- _Records for processing_
########

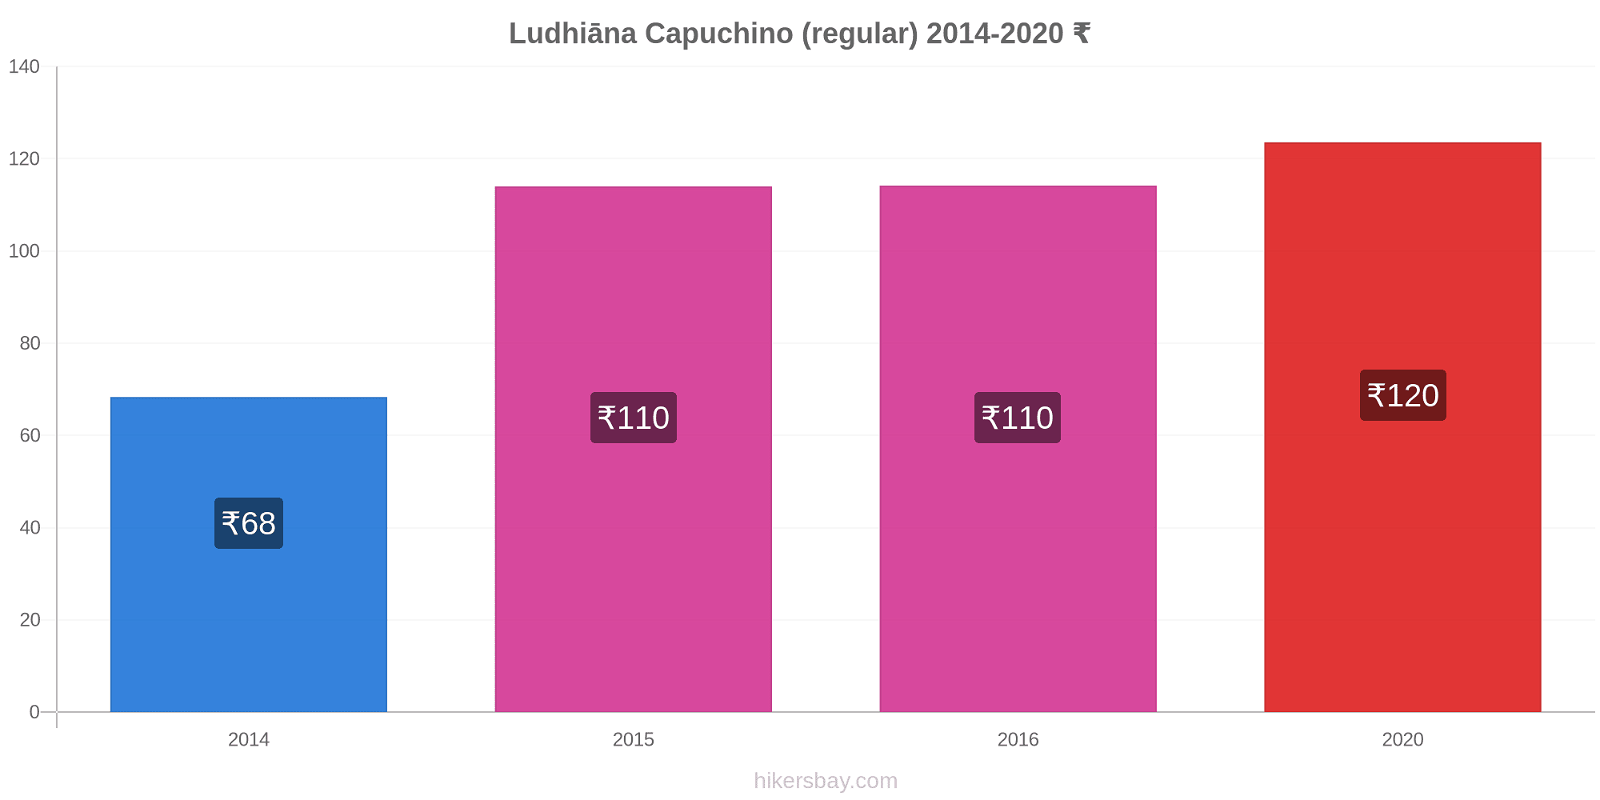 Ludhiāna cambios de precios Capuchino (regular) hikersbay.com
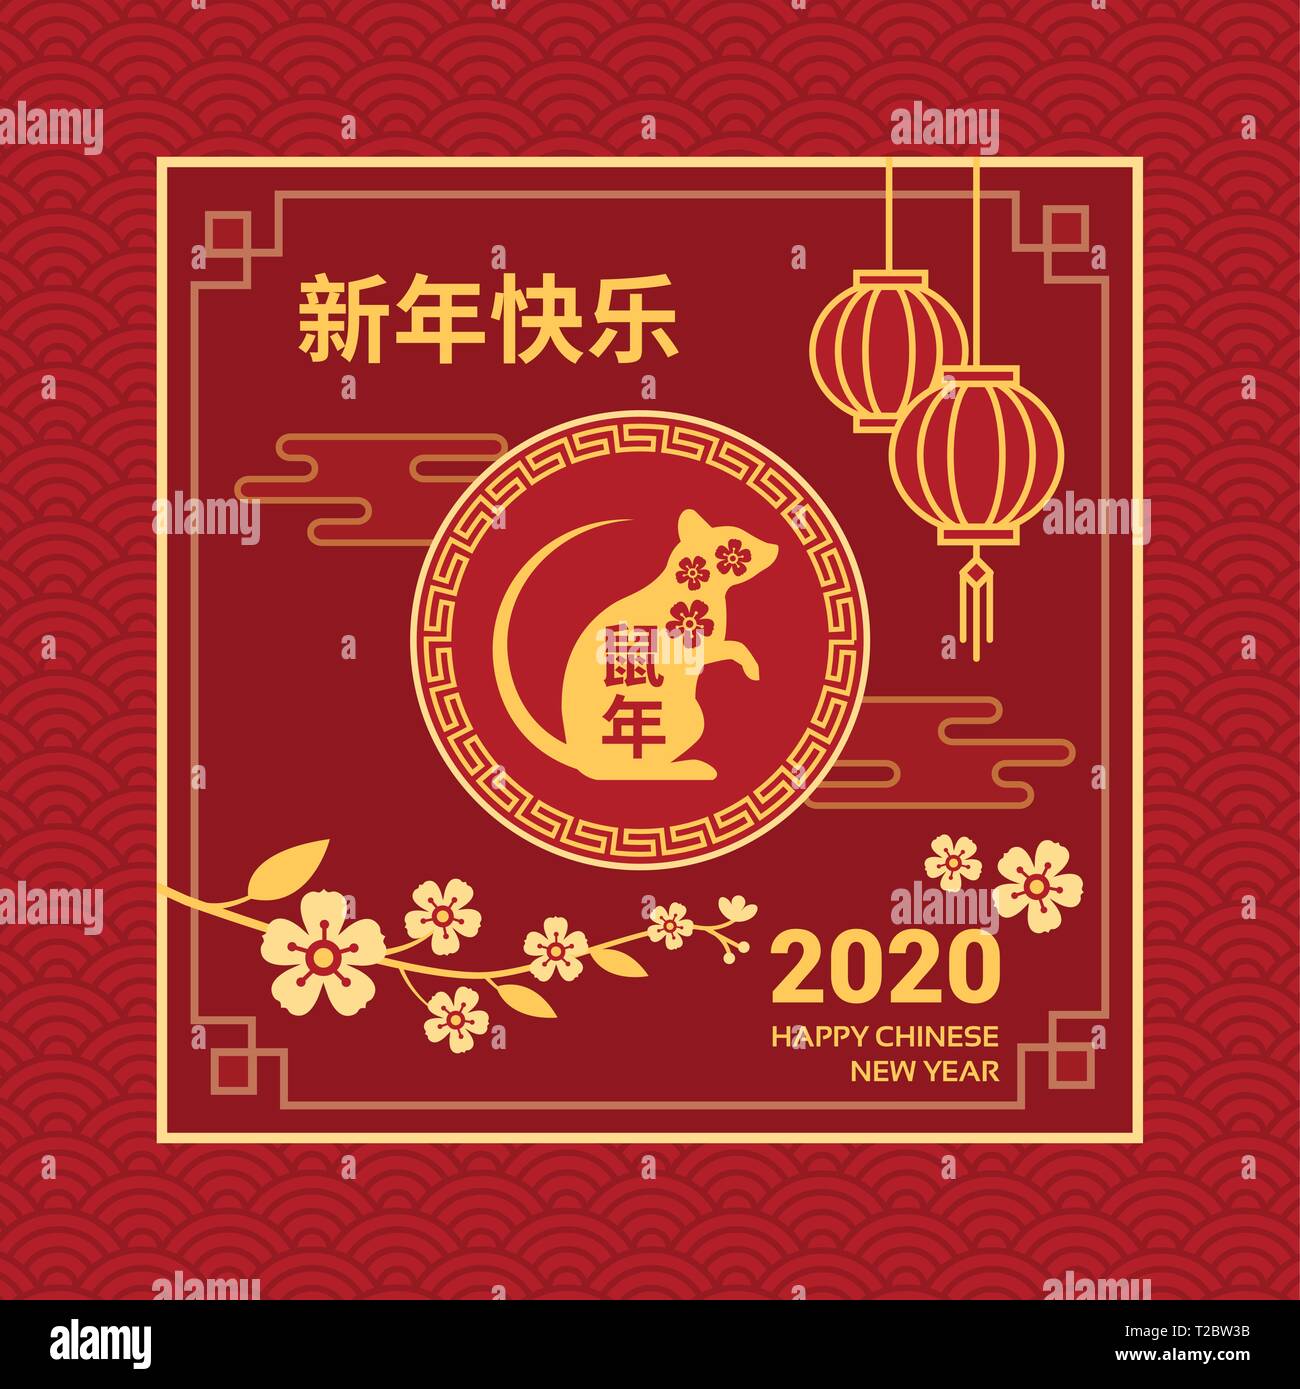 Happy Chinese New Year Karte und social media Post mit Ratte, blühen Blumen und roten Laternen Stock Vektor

########

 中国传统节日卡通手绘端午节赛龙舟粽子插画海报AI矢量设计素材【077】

########

- _What is expected_
Beginning with the line holding "Ludhiāna cambios de" in the material above, restate word for word each line through the line holding "Happy Chinese New", and exclude pictures.

- _Result_
 Ludhiāna cambios de precios Capuchino (regular) hikersbay.com
 Happy Chinese New Year Karte und social media Post mit Ratte, blühen Blumen und roten Laternen Stock Vektor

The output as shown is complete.